Brevisima relación demostraron una particular virtud y compasión en sus colonias. En Méjico, después de la independencia, el nuevo estado, muy lascasista, arrebató a los indios las extensas tierras que les había garantizado la corona española.

De todos modos, la controversia fue novedosa en el pensamiento civilizado y tiene consecuencias hasta hoy. Dio impulso al derecho de gentes, más tarde llamado derecho internacional, que decenios después retomaría el holandés Hugo Grocio, bajo influencia de Vitoria y otros pensadores hispanos. Este derecho intenta regular las relaciones internacionales en lugar de dejarlas al imperio de la fuerza, y se asienta en el concepto de ley natural… que también podía interpretarse de diversos modos, como atestigua la Controversia. Cierto que, en la práctica, las relaciones internacionales en Europa, América y resto del mundo han seguido rigiéndose en gran medida por realidades ajenas a las exigencias teóricas y legales.

* * *

La guerra era analizada, pues, en términos de «justa e injusta», con propósito de controlarla de algún modo. Para los cristianos se trata de un efecto de la condición humana, definida míticamente por el pecado original. Cabe interpretar el mito como el paso de la inocencia y seguridad del instinto a la condición propiamente humana de la moral, cargada de culpa y de incertidumbre, fuente de continua elaboración religiosa y filosófica. Siendo por tanto, propia del hombre, la guerra, como tantos males, no podría extirparse, pero sí reducirse y limitarse sus peores efectos.

No es fácil entender la causa de las guerras en la historia humana. Las ha habido por motivos comerciales, como entre las ciudades italianas o las del Báltico; por invasión y defensa contra invasiones; por políticas de poder y prestigio; por motivos religiosos, como la

yijad (y pronto invocarían motivos similares las luchas entre católicos y protestantes)… Muchas contiendas mezclan inextricablemente causas, fines o pretextos económicos, religiosos y de poder, pero la definición de Clausewitz de la guerra como continuación de la política por otros medios, es quizá la más abarcadora. Así, la guerra viene a ser una forma de la política, es decir, del poder

El poder, ligado a su vez al «pecado original», está presente siempre, con diversas formas, en las sociedades humanas. Racionalizándolo, cabe atribuir su universalidad y necesidad a la profunda individuación de los seres humanos, manifiesta en la diversidad y a menudo oposición de intereses, deseos, aspiraciones, sentimientos y capacidades, que harían la vida social imposible, de no existir una fuerza, apoyada en la violencia, capaz de imponer orden. Garantizar el orden y la paz constituye, como tantas veces se ha dicho, la justificación de todo poder, sea del tipo que fuere, y es al mismo tiempo la causa de las guerras. Los inconvenientes del poder han llevado a teorizar sociedades sin él, ácratas; pero ello solo resulta concebible en sociedades prehumanas, regidas por el instinto, al modo de las abejas o las hormigas, donde la individuación desapareciera prácticamente.

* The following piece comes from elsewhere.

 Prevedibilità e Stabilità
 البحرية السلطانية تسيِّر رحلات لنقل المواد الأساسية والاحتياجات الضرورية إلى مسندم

Obviamente, la violencia no es el único pilar del poder, y un estado que la emplease en exclusiva duraría poco. Otro pilar es la ley y el derecho, que arbitra entre intereses y aspiraciones particulares o de grupo. La ley y el derecho se apoyan entre sí: la primera surge para evitar la violencia, pero solo puede mantenerse apoyándose en la violencia. Tras haber comido la fruta del árbol del bien y el mal, el hombre se ve obligado a distinguir entre leyes y violencias buenas y malas, justas e injustas.